An out-of-bag estimate of the classification performance helps improve the generalizability of models by evaluating predictions on those observations which were not used in the building of the tree. The OOB errors were computed by an average of 10 runs, since each RF model was built using 10 different random seeds. Table 3 below presents OOB errors for the best performing model from each experiment. The results indicate that combining both the linear as well as nonlinear gait parameters into the model will likely have less OOB errors—thus, a better prediction model.

## Discussion

The present study investigated capabilities of using a wearable sensor and, extracted linear and nonlinear gait variables along with a machine learning approach to predict fall risks among community dwelling older adults. The results indicate that the use of both linear and nonlinear gait variables can increase fall risk prediction accuracy, sensitivity, and specificity using a Random Forest Classifier. Fall risk assessment methods estimate the probability of future falls through the identification of predictive fall risk factors63,64,65. This process is a critical first step before employing preventative and amenable intervention strategies. As it stands, traditional fall risk assessments conducted in community-dwelling settings rely on qualitative and subjective assessments that lack the predictive power to assess prospective fall incidence accurately and reliably. Spurred by this gap, gait assessment has become a prevalent fall risk tool, with researchers reporting a spate of gait-specific risk factors66.

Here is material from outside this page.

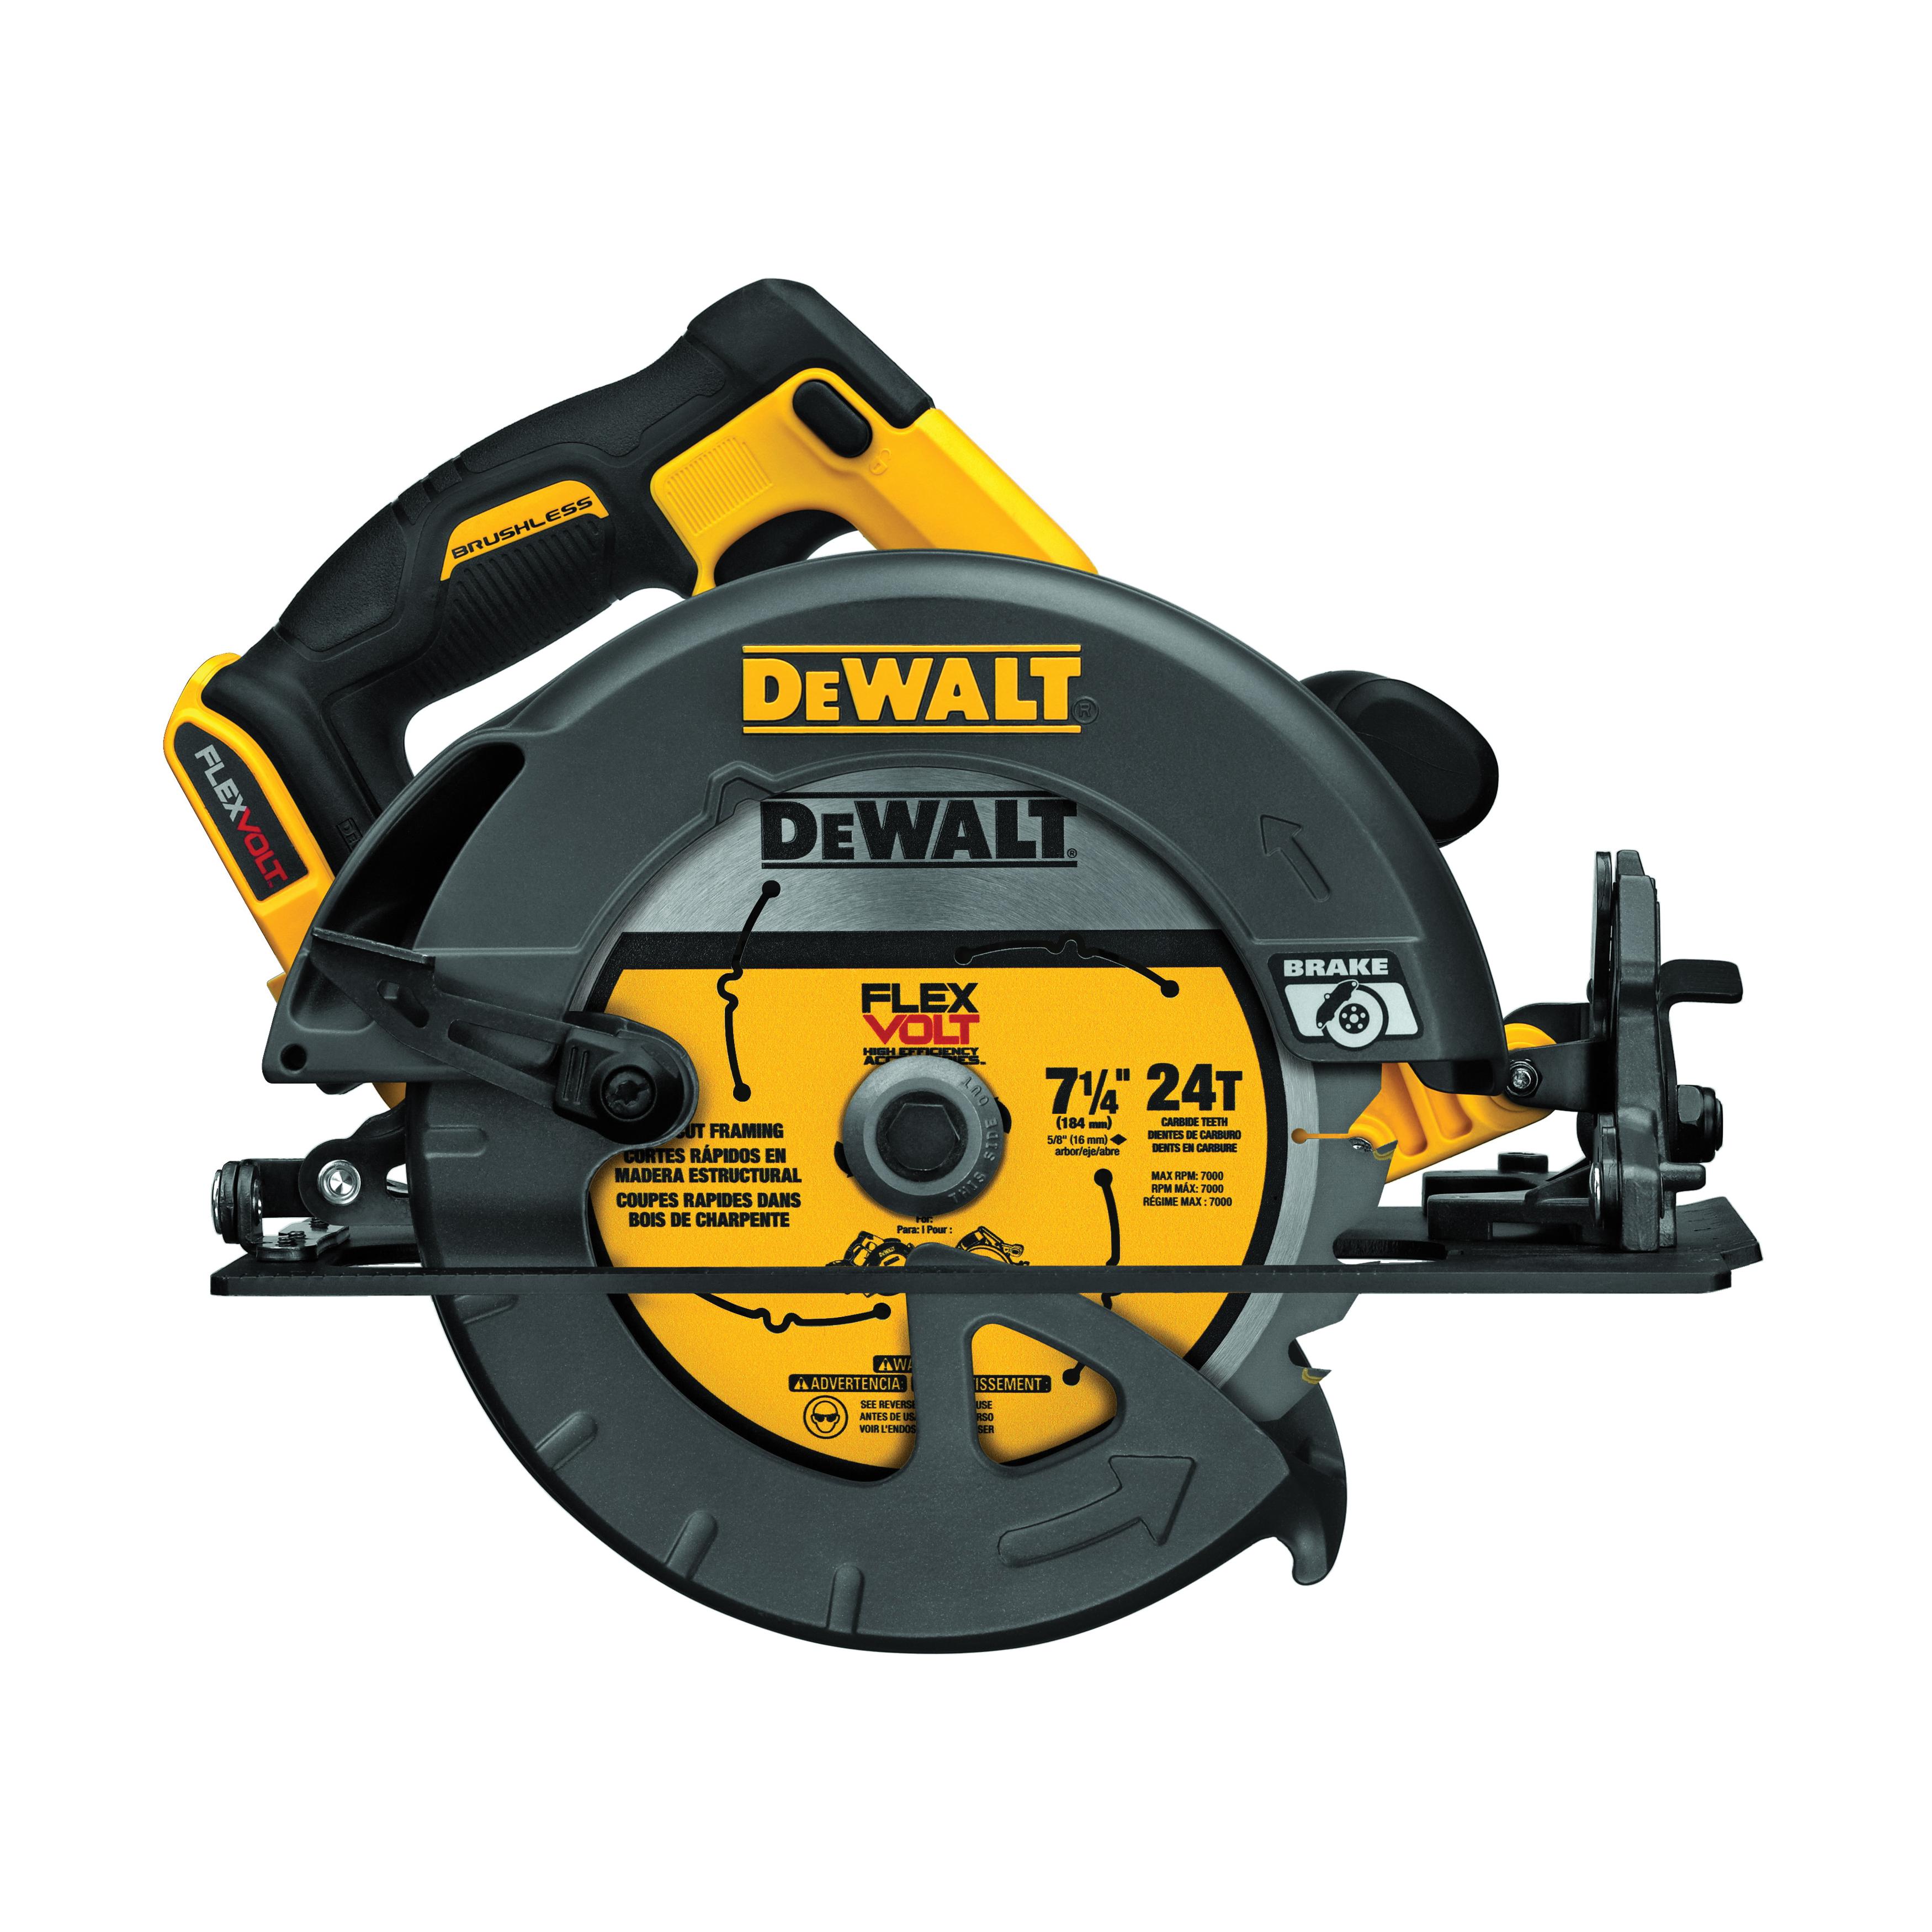 DeWALT® 60V MAX* FLEXVOLT™ DCS575B Brushless Cordless Circular Saw With Brake Bare, 7-1/4 in Blade, 5/8 in Arbor/Shank, 60 V, 1-5/8 in at 45 deg, 2-9/16 in at 90 deg D Cutting, Lithium-Ion Battery, Right Blade Side, Bare Tool

For older adults, a linear analysis of gait identifies variability as the resulting errors brought upon by internal and external stressors, whereby the amount of variability delineates impaired gait. Studies ascertained that an individual’s inability to walk in a repetitive and stable manner as a possible sign of an evolving gait disorder leading to falls5. Furthermore, gait intracycle variability among older adults without any noticeable gait impairment may reveal the gradual deterioration of stability mechanics during gait. As such, nonlinear analysis of gait identifies variability as the global health of the physiological system67. Where traditionally the amount of variability reflects less stability, in this context, the underlying structure of variability reflects adaptive capacity in the framework of fall risk68. In other words, feedback mechanisms associated with locomotor control system can be characterized by regularity in the time-series data (weak or degraded neuromuscular system being characterized by increased regularity). This analysis provides essential insights into the dynamic stability of walking, a useful tool for evaluating and quantifying gait deficits associated with fall prone individuals. Thus, older adults’ fall risk models utilizing gait variables using an IMU must consider the organization of variability as well as the fluctuations occurring across all time scales utilizing nonlinear dynamics.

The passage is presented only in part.